I’m looking to buy a new jacket for the winter. I live in the UK, so it is rare that we have very cold weather, however it does rain quite frequently. I have a jacket for general use, so this one would be more for professional use: going to meetings, train travel, that kind of thing. Can you make some recommendations?

This is the reality of shopping and discovery now. Whether you think the AI tools like Gemini, ChatGPT or similar will win the hearts and minds of people to always start their journey with them, this is the new paradigm search: even on your own website. The news and media are all over the agentic purchase protocols: ACP and UCP, where agents can take customers to a completed order. They are missing the first need of agentic success: content.

Let’s not forget my jacket query isn’t a one shot request, either. When (in this case ChatGPT) responds, there’s valuable advice and: “If you tell me (1) your budget range, (2) whether you run hot or cold, and (3) whether you’ll wear it over a suit/blazer most days, I’ll narrow this to 3 “buy-it-now” options in the right tier and style“. The conversation continues. Refines. Iterates.

Contrast this to even the best product detail pages or catalog information. Yes, we have the basics down: materials, sizes, colours. On some sites we have some great, crafted, technical features sections. Sometimes these sections explain why the feature is good (but even this is rare). To help AI answer product discovery journeys, we need a significant uplift, likely in the region of 3-5x written content.

Brands need to be so much more descriptive about the content of their products. This will ensure that when used by AI tools, or on their website, the tools can do a much better job of matching to the user’s intent and their brand showing up where it should.

Jackets are on my mind, and not only because it is -3 degrees celsius in Montreal, where I am right now. Brands like North Face, Patagonia, Carhartt, Barbour and more are all competing in this middle space I queried. Let’s see what they offer:

  • Many of them talk about being warm or having their own warmth ratings. Rarely will they identify a temperature range, not meeting AI where it can easily compare and contrast

  • Wind follows that pattern set in warmth: not specific about the kind of wind chill it is designed to withstand

  • Rarely is there a good Q&A section with customer submitted questions and answers (which can clarify product features / content)

  • There is a lot of use of proprietary labels for their technology that don’t mean anything to AI (or customers, a lot of the time)
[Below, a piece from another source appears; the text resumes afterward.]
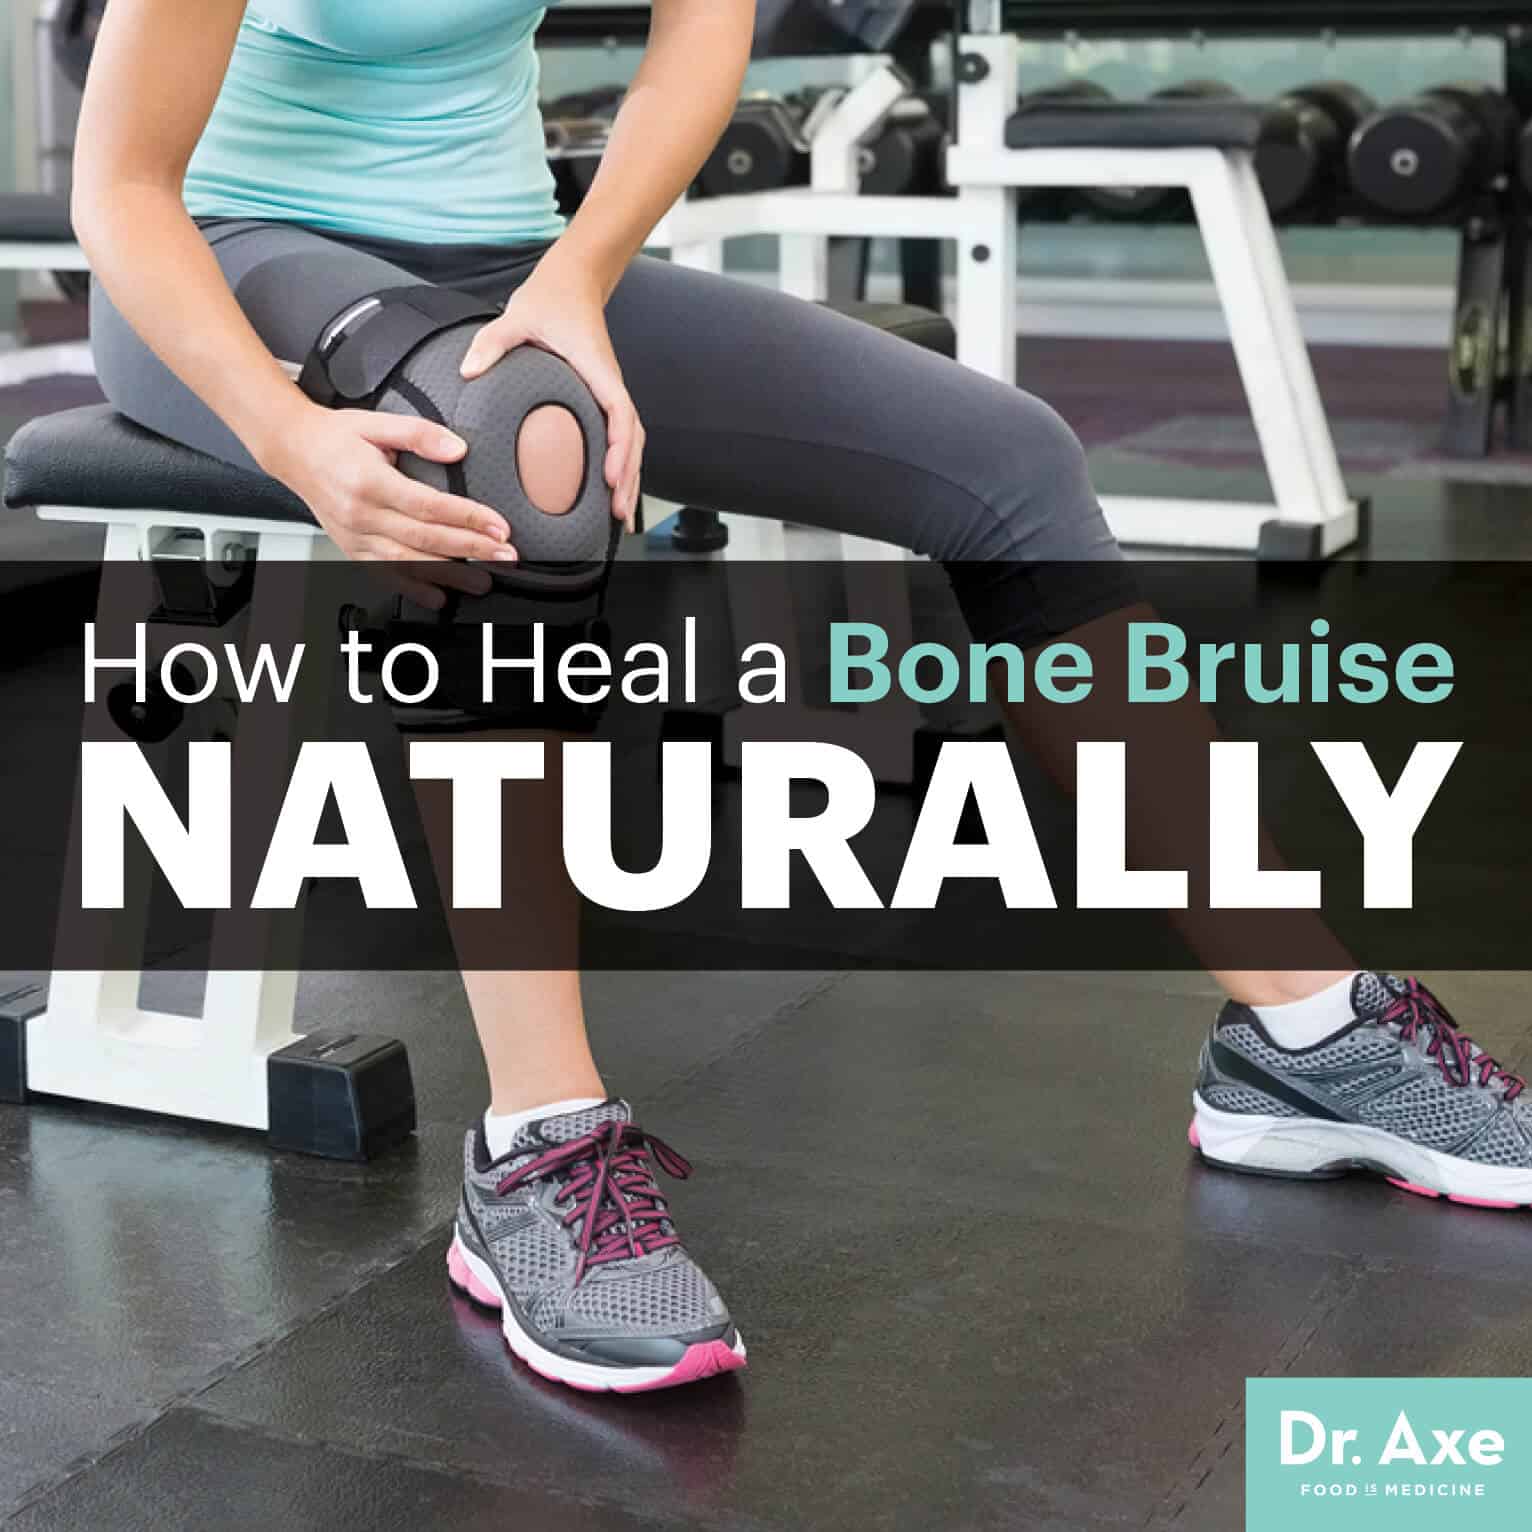 Bone bruise - Dr. Axe

  • Product descriptions that tend to be aspirational or lifestyle focused, rather than valuable or driving insight or understanding

  • Descriptions that are not very long: yes, customers do not read, however AI tools really do, it is the essence of how they judge

There’s a lot of work to do here. Product feed standards for AI have already changed. They are demanding more detail and depth than the previous attribute driven, sparse feeds. They are looking for rich content about products that many brands are unprepared for.

In the next post, I’ll share the even more powerful sibling of content. Context takes our ability to serve the customer to a place where we start to match user intent head on. If product content is the yin, context is the yang.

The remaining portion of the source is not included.